Try it: All that is wanted is the exact text of the lines below from the one with "Gorch-Fock-Skizzenbuch - Coverbild" through the one with "Nestor Marcelo Ramos Juan Pedro Damiani", inclusive, minus any pictures.

Stored data:
===============
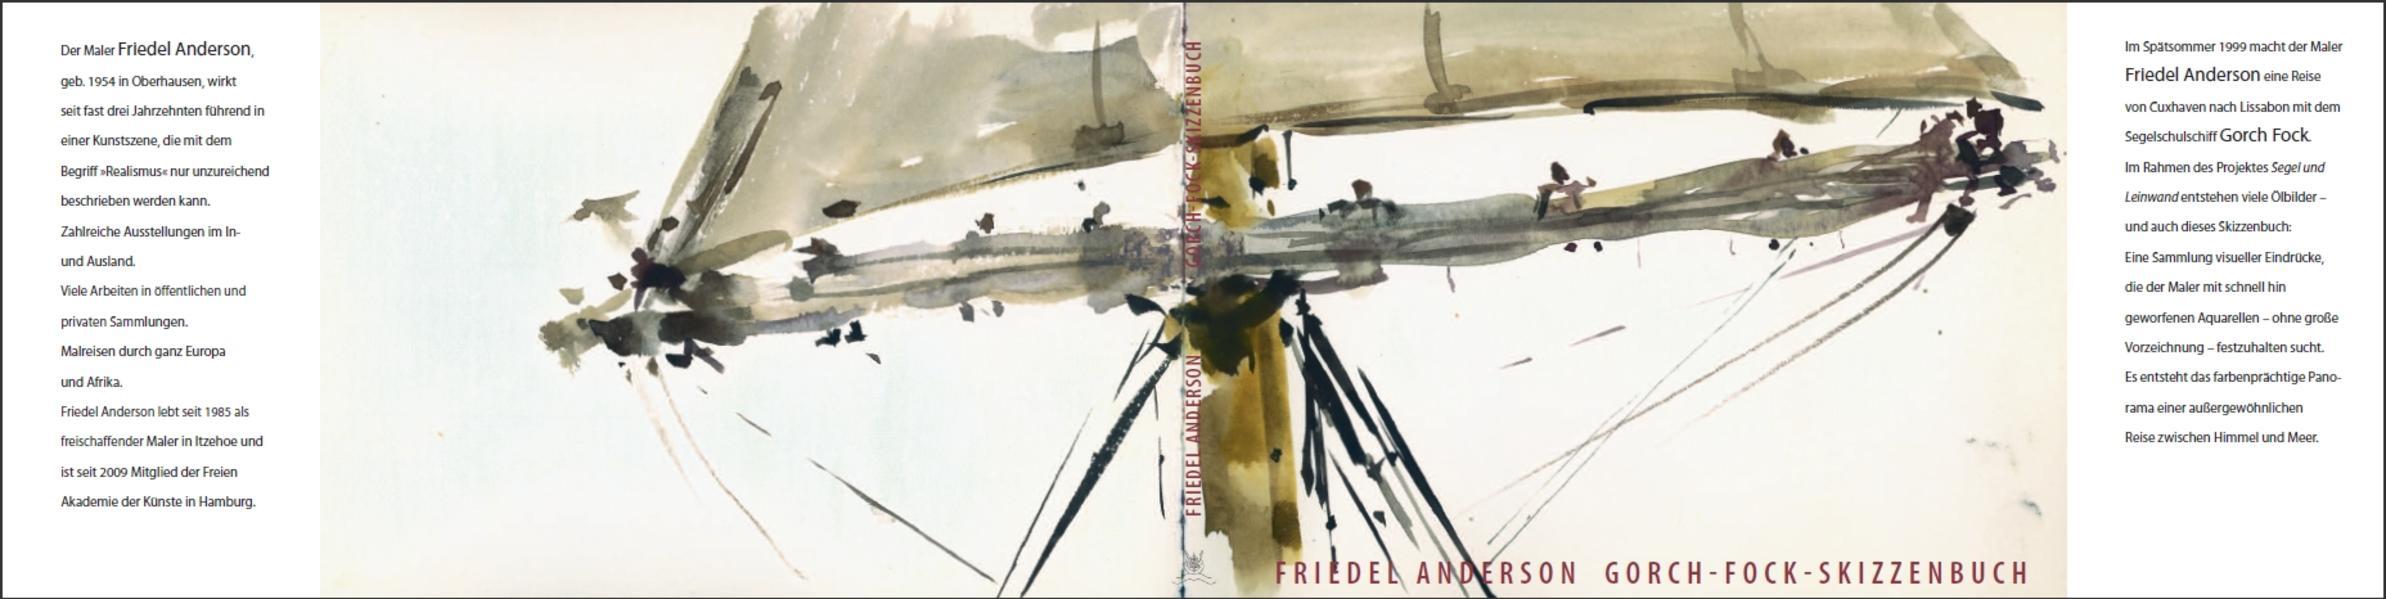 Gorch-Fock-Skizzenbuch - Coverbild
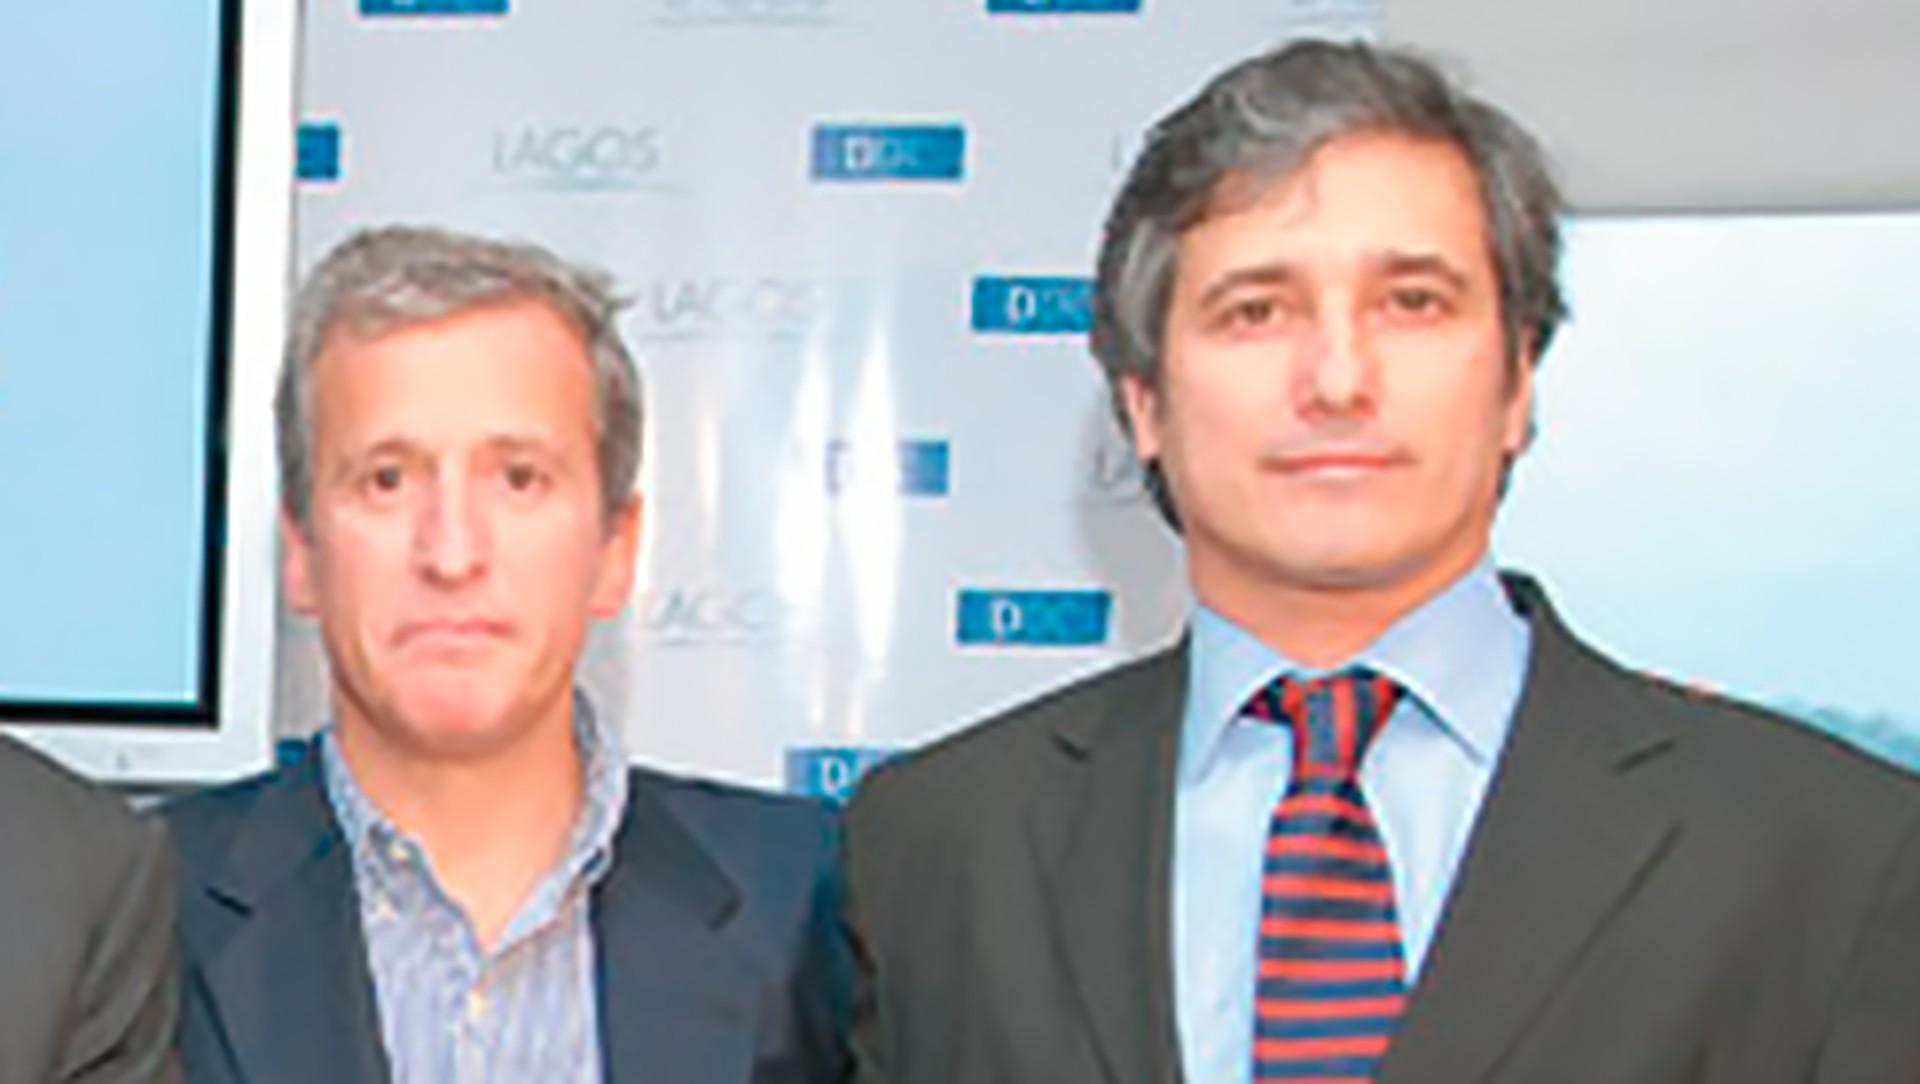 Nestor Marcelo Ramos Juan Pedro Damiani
===============
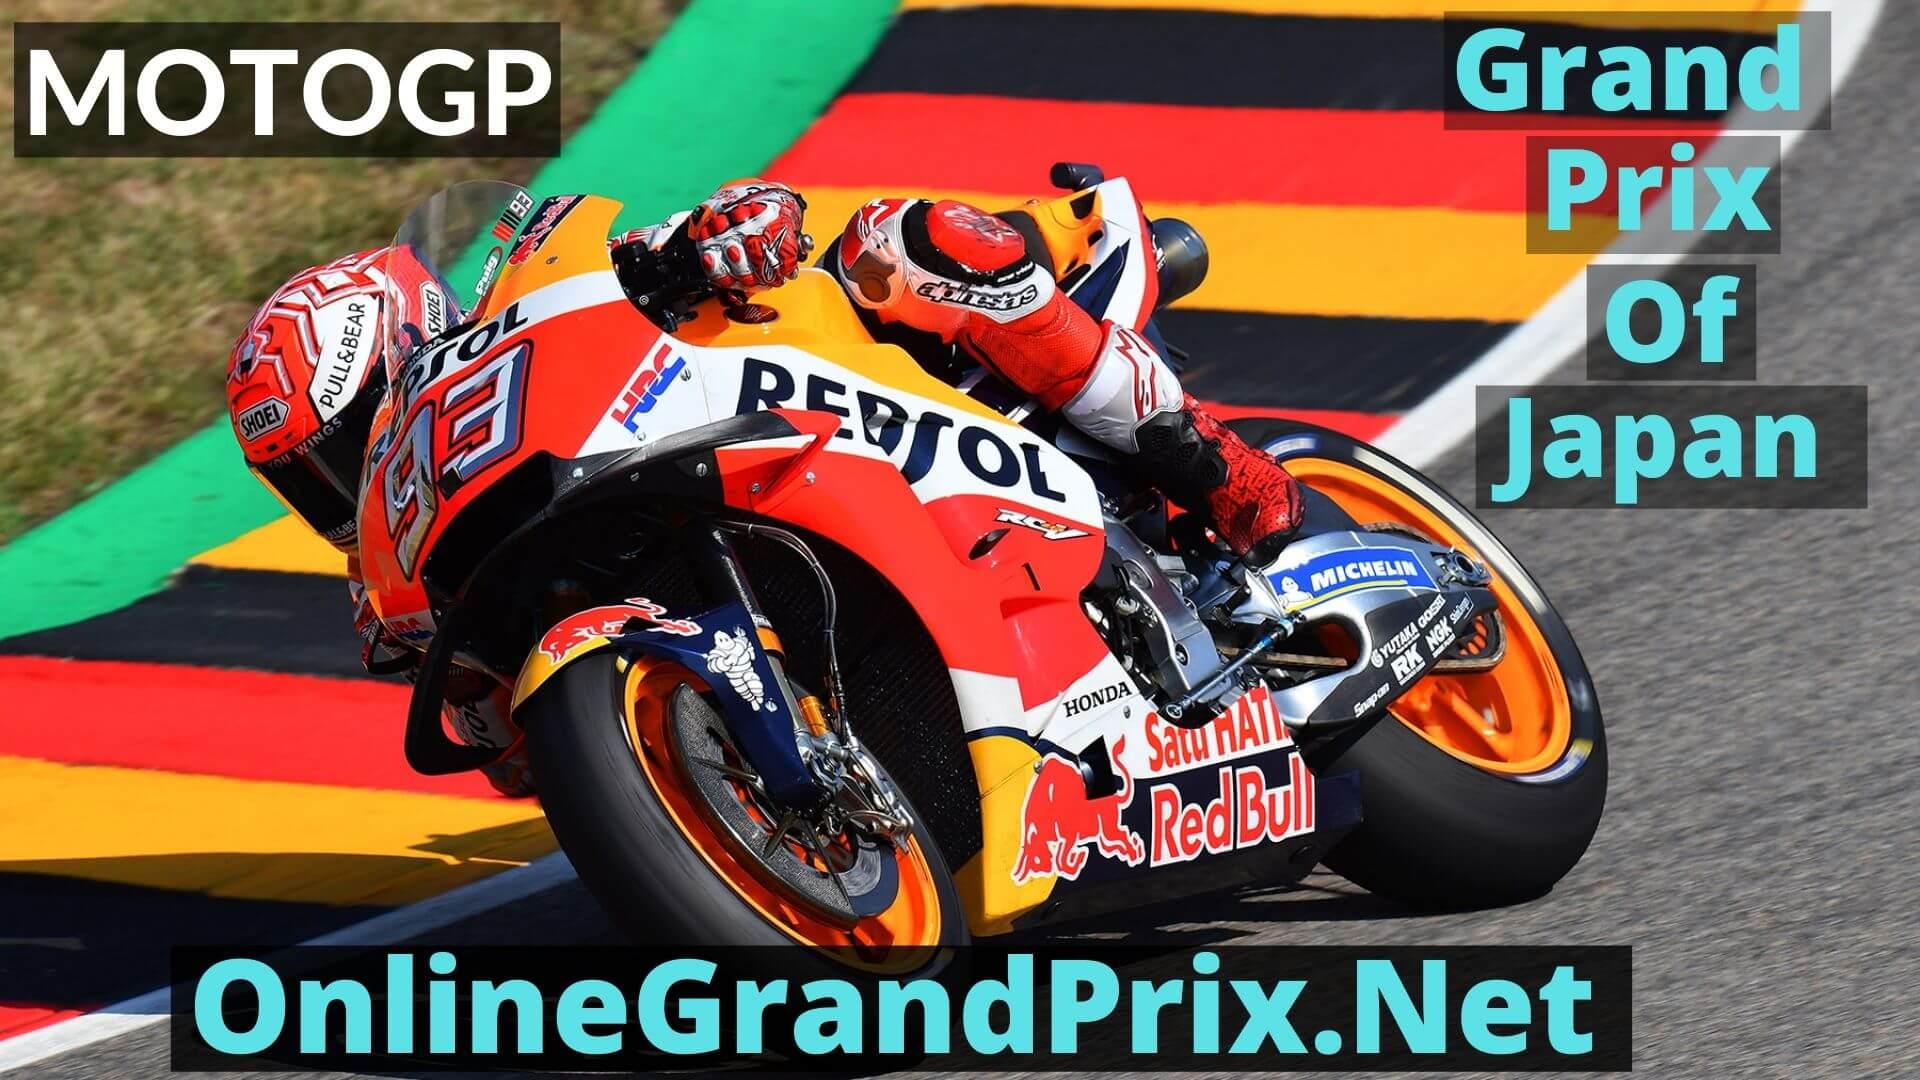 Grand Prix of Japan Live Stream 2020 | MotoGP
===============
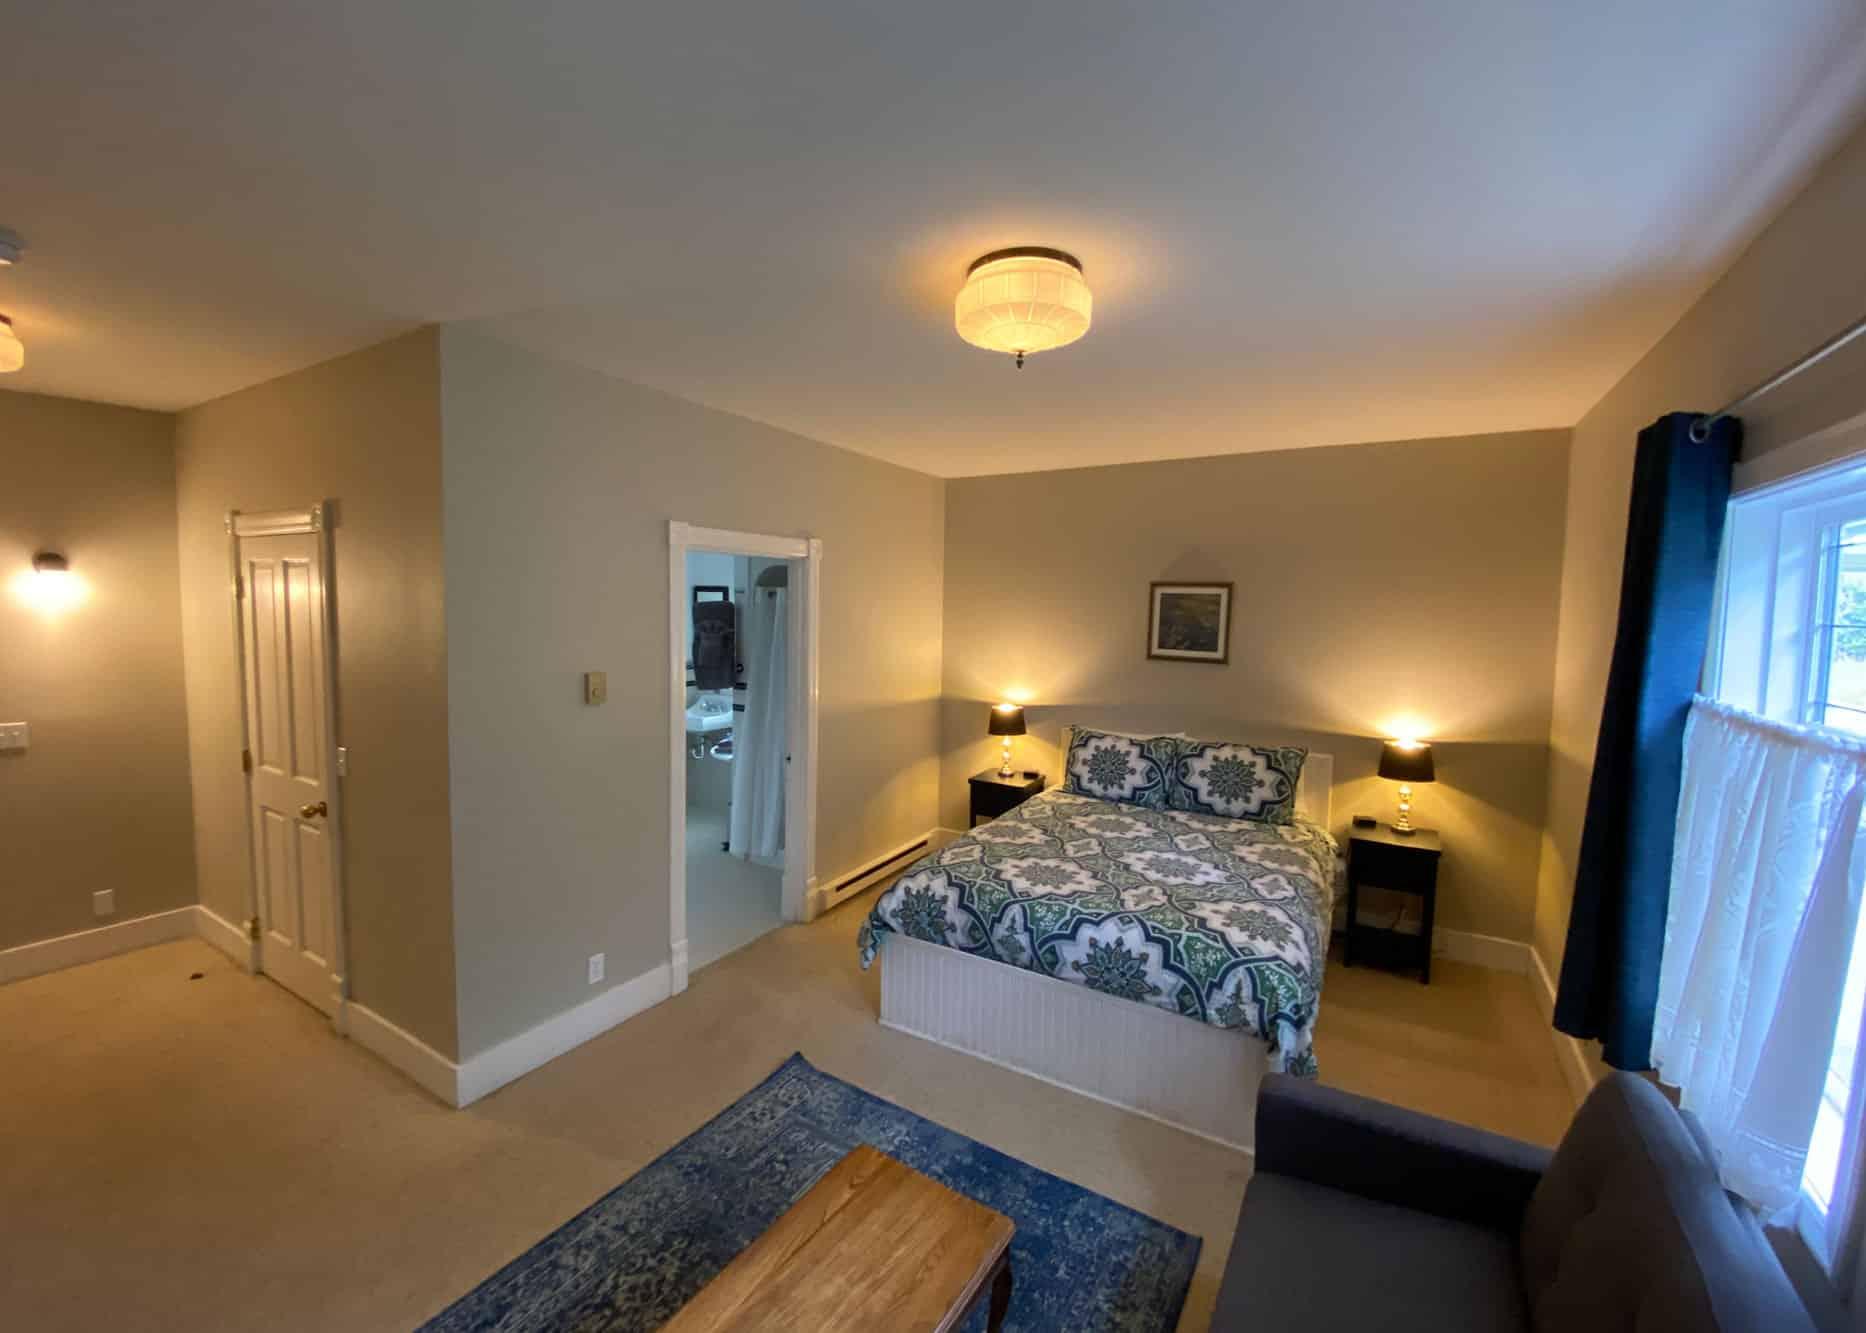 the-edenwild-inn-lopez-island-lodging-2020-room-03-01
===============
Answer box:
 Gorch-Fock-Skizzenbuch - Coverbild
 Nestor Marcelo Ramos Juan Pedro Damiani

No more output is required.